When piecrust is baked, the solid fats melt, leaving a gap between the layers of dough. The water in the dough begins to turn into steam, puffing the layers of dough apart. And when the dough reaches about 160 degrees Fahrenheit, the piecrust begins to set. Crispiness comes about when enough water has been driven from the dough by the heat of baking.

Lard, the rendered body fat of the pig, has a high melting point and coalesces into especially large crystals when it cools to lower temperatures. That’s why lard acts as a terrific spacer between layers of dough. Lard was once widely considered the best fat for making flaky piecrust. Crisco was introduced in 1911 as a lard replacement with a long shelf life.

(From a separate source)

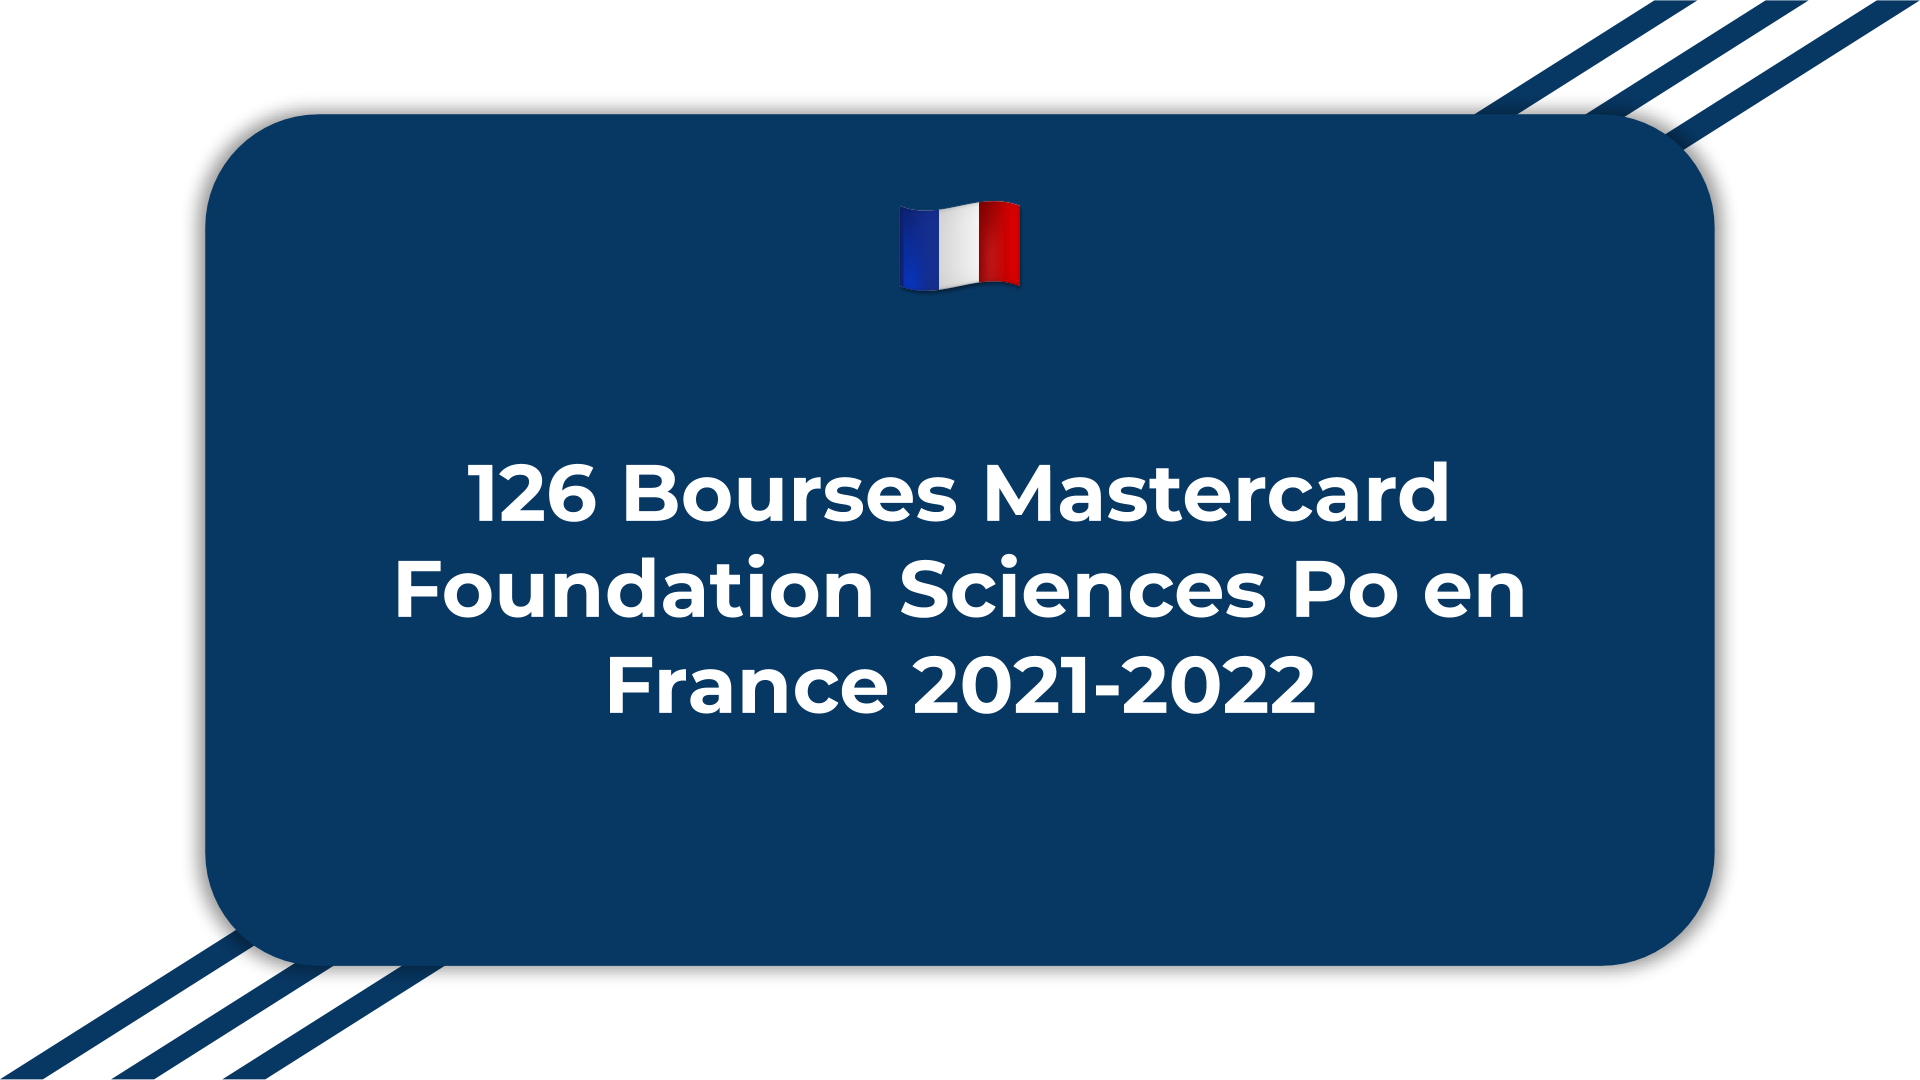 126 Bourses Mastercard Foundation Sciences Po

Nowadays, lard has lost some of its popularity because of its pork flavor (which really goes quite well with apples, pears, cherries, and peaches) and widespread nutritional superstitions (even though lard, at 43 percent saturated fat, is less saturated than butter, at 50 percent, and may come out only a little worse than a vegetable shortening like Crisco, which contains 21 percent saturated fat to begin with and 14 percent transfatty acids when it is hydrogenated to make it solid.

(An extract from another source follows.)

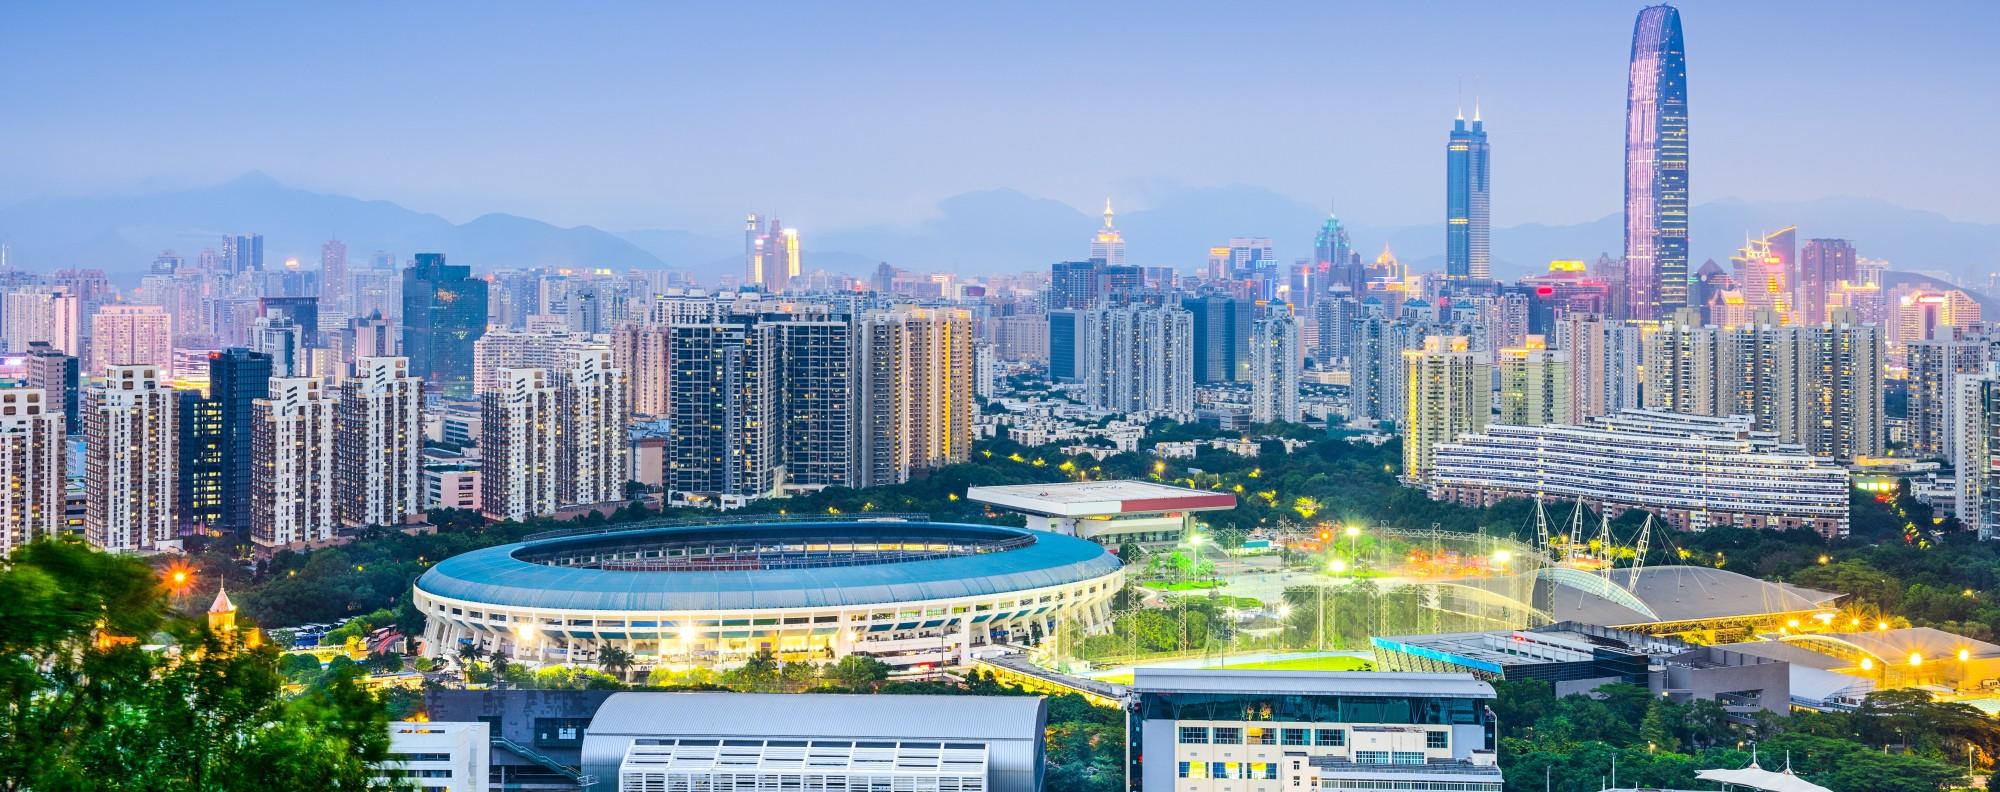 Shenzhen, China's Silicon Valley. File photo

Which brings us back to my kitchen. My object was to get around all of this agonizing about gluten and fat, and to eliminate entirely the need for manual skill. Here is how I made the piecrust about to emerge from the oven: I followed the classic three-two-one formula, using Crisco and medium-protein all-purpose flour—totally ordinary, so far. But it was my technique that would soon astound both the baking world and Marion Cunningham. Using a food processor, I added half the shortening to all the flour and processed it like crazy, for five minutes, until it completely disappeared, coating all the little flour particles and immunizing them against what was to come—water and the threat of gluten. This technique would guarantee the tenderest of piecrusts. Next came all the water, processed briefly until everything began to form into clumps of dough. Finally, the rest of the shortening went in, briefly pulsed to leave it in pieces the size of M & M’s. These would form layers when the dough was rolled out. The expected result: perfectly tender, crisp, and flaky pastry.